An experimental async-first memory allocator exploring atomic & lock-free allocation patterns in Rust.
Research Implementation: This is an experimental allocator focused on exploring async memory management patterns. It is NOT optimized for production use and currently exhibits higher overhead than traditional allocators.
AtomAlloc investigates the intersection of async Rust, atomic operations, and memory management by implementing a fully lock-free, task-aware allocator.
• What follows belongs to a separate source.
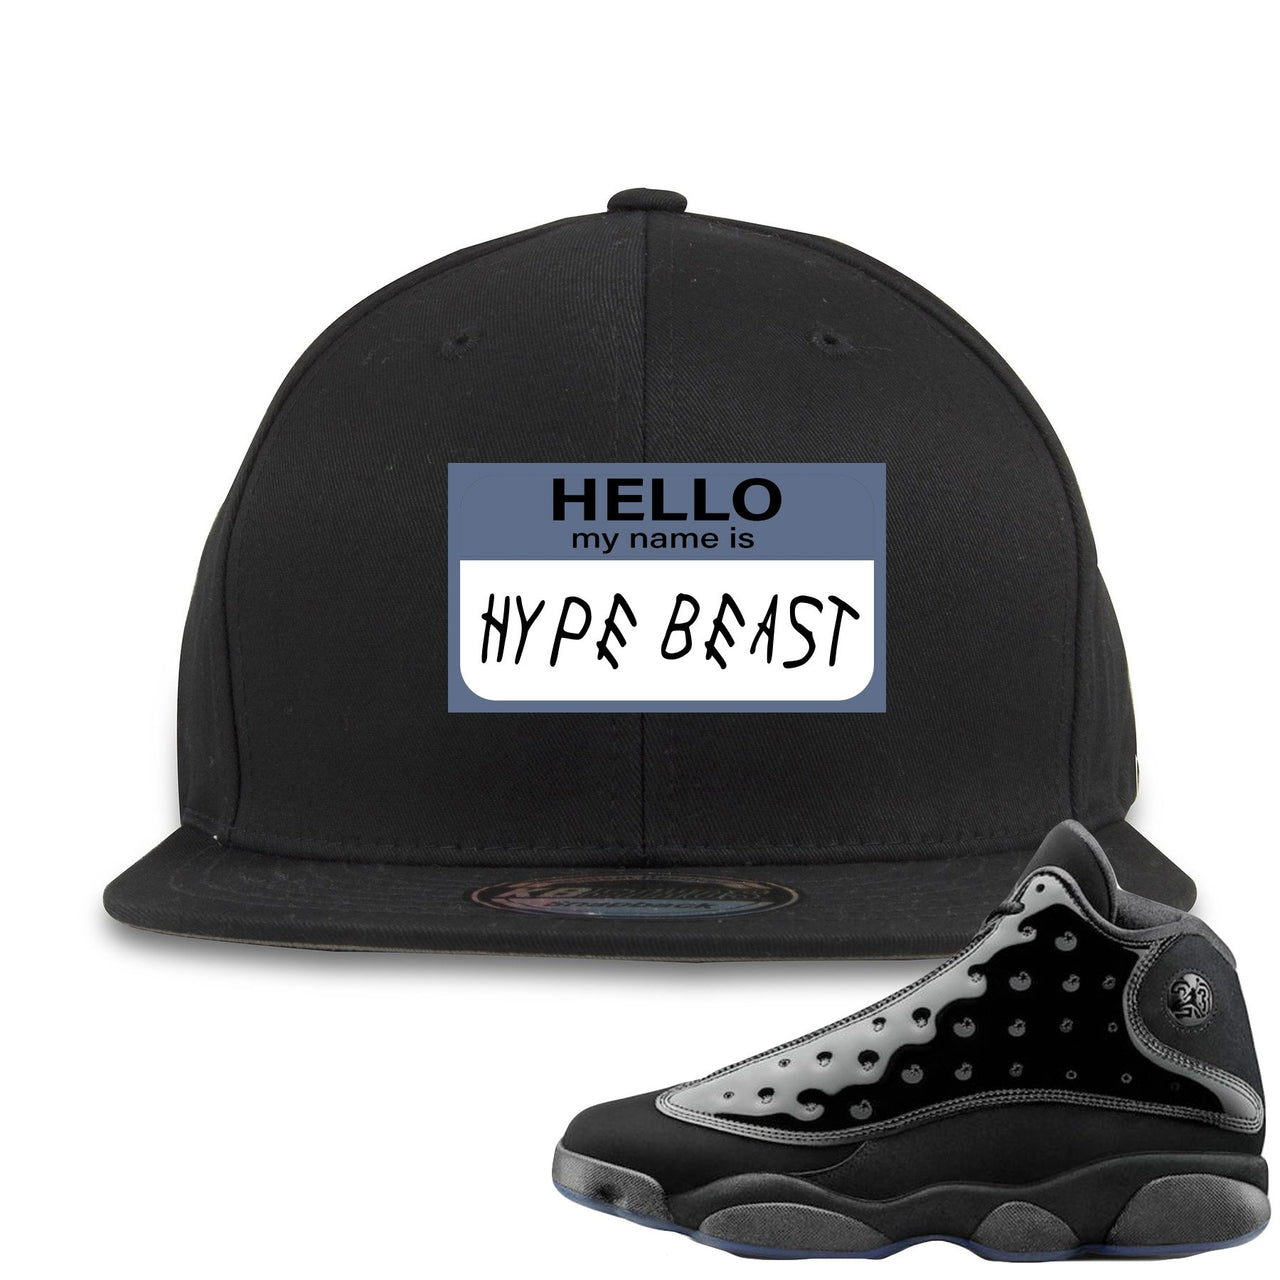 Cap and Gown 13s Snapback | Hello My Name is Hype Beast Woe Style, Black

While performance is not yet competitive with production allocators, it provides insights into async allocation patterns and challenges.
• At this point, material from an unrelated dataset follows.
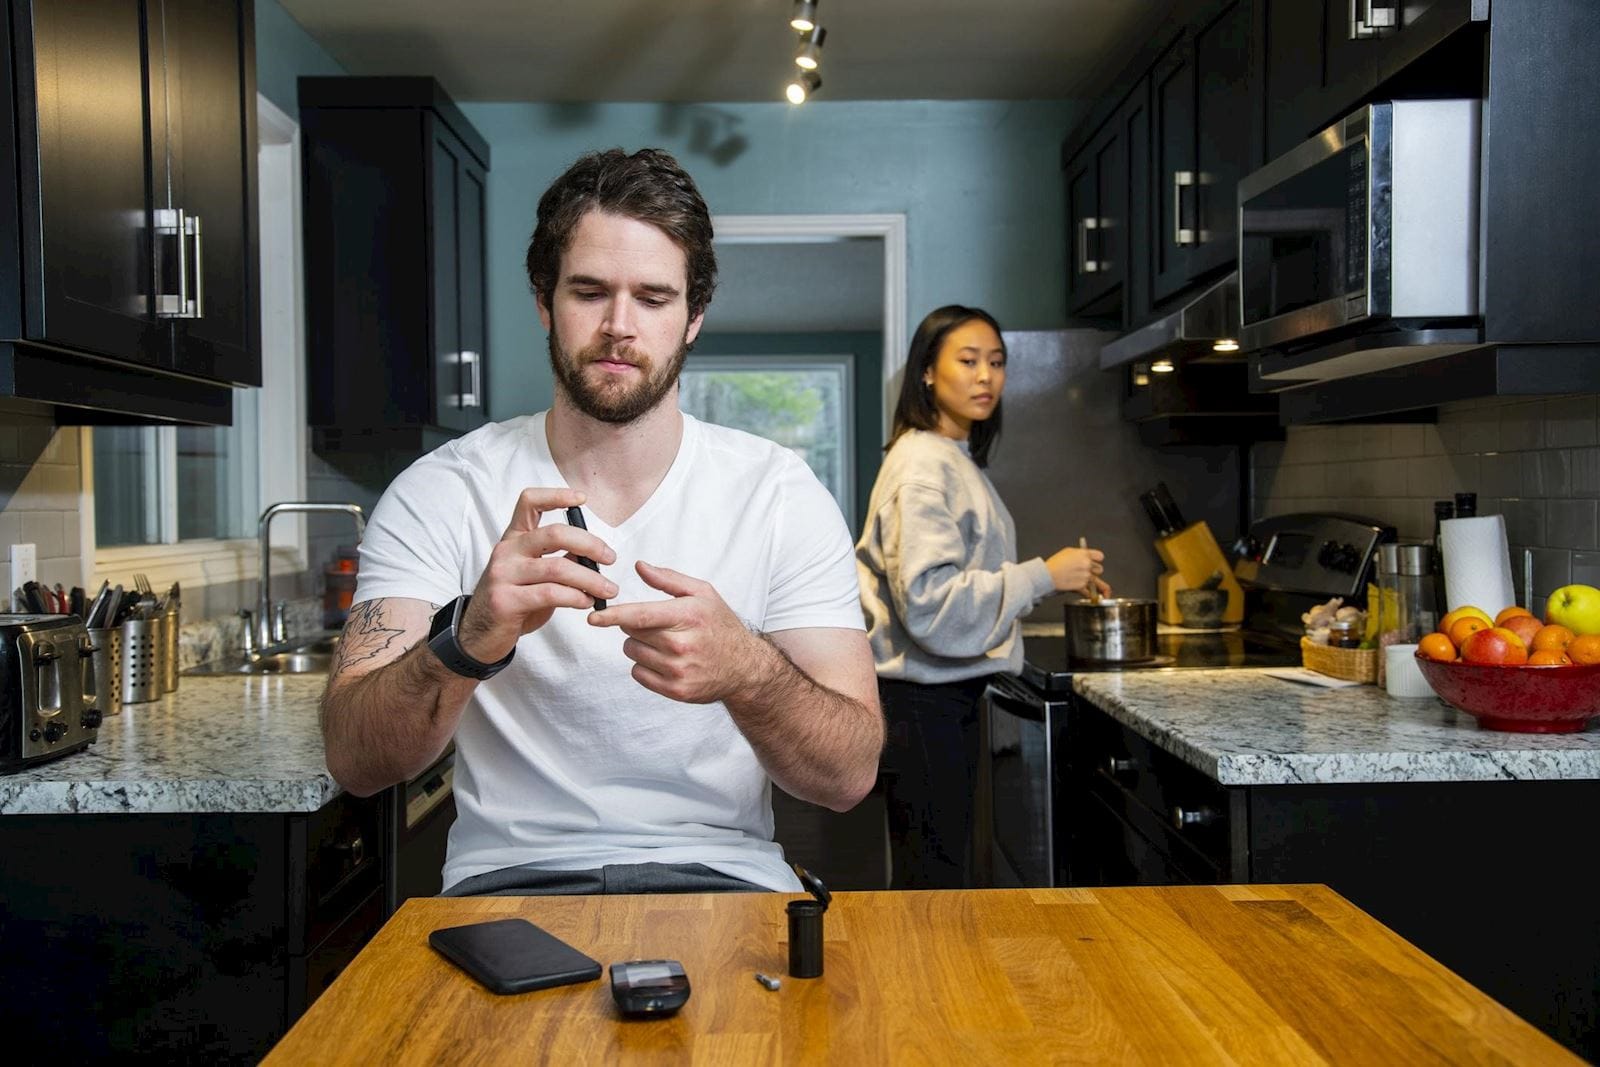 Man with diabetes checks his blood sugar with a finger prick while sitting in his kitchen

- 🛡️ Zero Unsafe Code: Fully safe Rust implementation
- 🔓 Lock-Free Design: Atomic operations throughout
- 💾 Task Awareness: Generations and task-local caching
- 🔄 Async Interface: Full async/await support
- Performance: slower than system allocator for common cases
- Memory Overhead: higher memory usage due to atomic metadata
- Cache Efficiency: poor cache locality from atomic operations
- Cold Start: initial allocation overhead from block initialization
- Compatibility: incompatible with GlobalAlloc trait or the unstable allocator_api feature
If you'd like to experiment with this allocator, download this repo.
Basic usage:
// Create allocator instance
let alloc = AtomAlloc::new().await;
// Allocation
let layout = Layout::new::<[u8; 1024]>();
let block = alloc.allocate(layout).await?;
// Write data
block.write(0, &[1, 2, 3, 4]).await?;
// Read data
let data = block.read(0, 4).await?;
// Deallocation
alloc.deallocate(block).await;
// Get allocation stats
let stats = alloc.stats().await;
println!("Cache hit rate: {}%",
stats.cache_hits as f64 / (stats.cache_hits + stats.cache_misses) as f64 * 100.0);
The allocator can be configured via AtomAllocConfig
:
let config = AtomAllocConfig {
max_memory: 1024 * 1024 * 1024, // 1GB
max_block_size: 64 * 1024, // 64KB
min_block_size: 64, // 64B
alignment: 16,
cache_ttl: Duration::from_secs(300),
max_caches: 1000,
initial_pool_size: 1024 * 1024, // 1MB
zero_on_dealloc: true,
};
let alloc = AtomAlloc::with_config(config).await;
pub struct AtomAlloc {
pool: Arc<MemoryPool>,
cache: Arc<BlockCache>,
block_manager: Arc<BlockManager>,
stats: Arc<AtomAllocStats>,
config: Arc<AtomAllocConfig>,
}
pub struct Block {
state: AtomicU64, // Packs generation + flags
size: AtomicUsize, // Block size
data: Box<[AtomicU8]>, // Actual memory storage
}
Allocation follows a three-tier hierarchy:
- Block Cache with Hot/Cold Queues
- Size Class Pool with Power-of-2 Classes
- Global Memory Pool
Each level uses atomic operations and lock-free data structures for synchronization.
impl BlockManager {
pub async fn verify_generation(&self, block: &Pin<Arc<Block>>) -> Result<(), AtomAllocError> {
let block_gen = block.generation();
let current_gen = self.current_generation.load(Ordering::Acquire);
if block_gen > current_gen {
return Err(AtomAllocError::BlockError(BlockError::InvalidGeneration {
block: block_gen,
expected: current_gen,
}));
}
Ok(())
}
}
Memory safety is enforced through a generation system that tracks block validity.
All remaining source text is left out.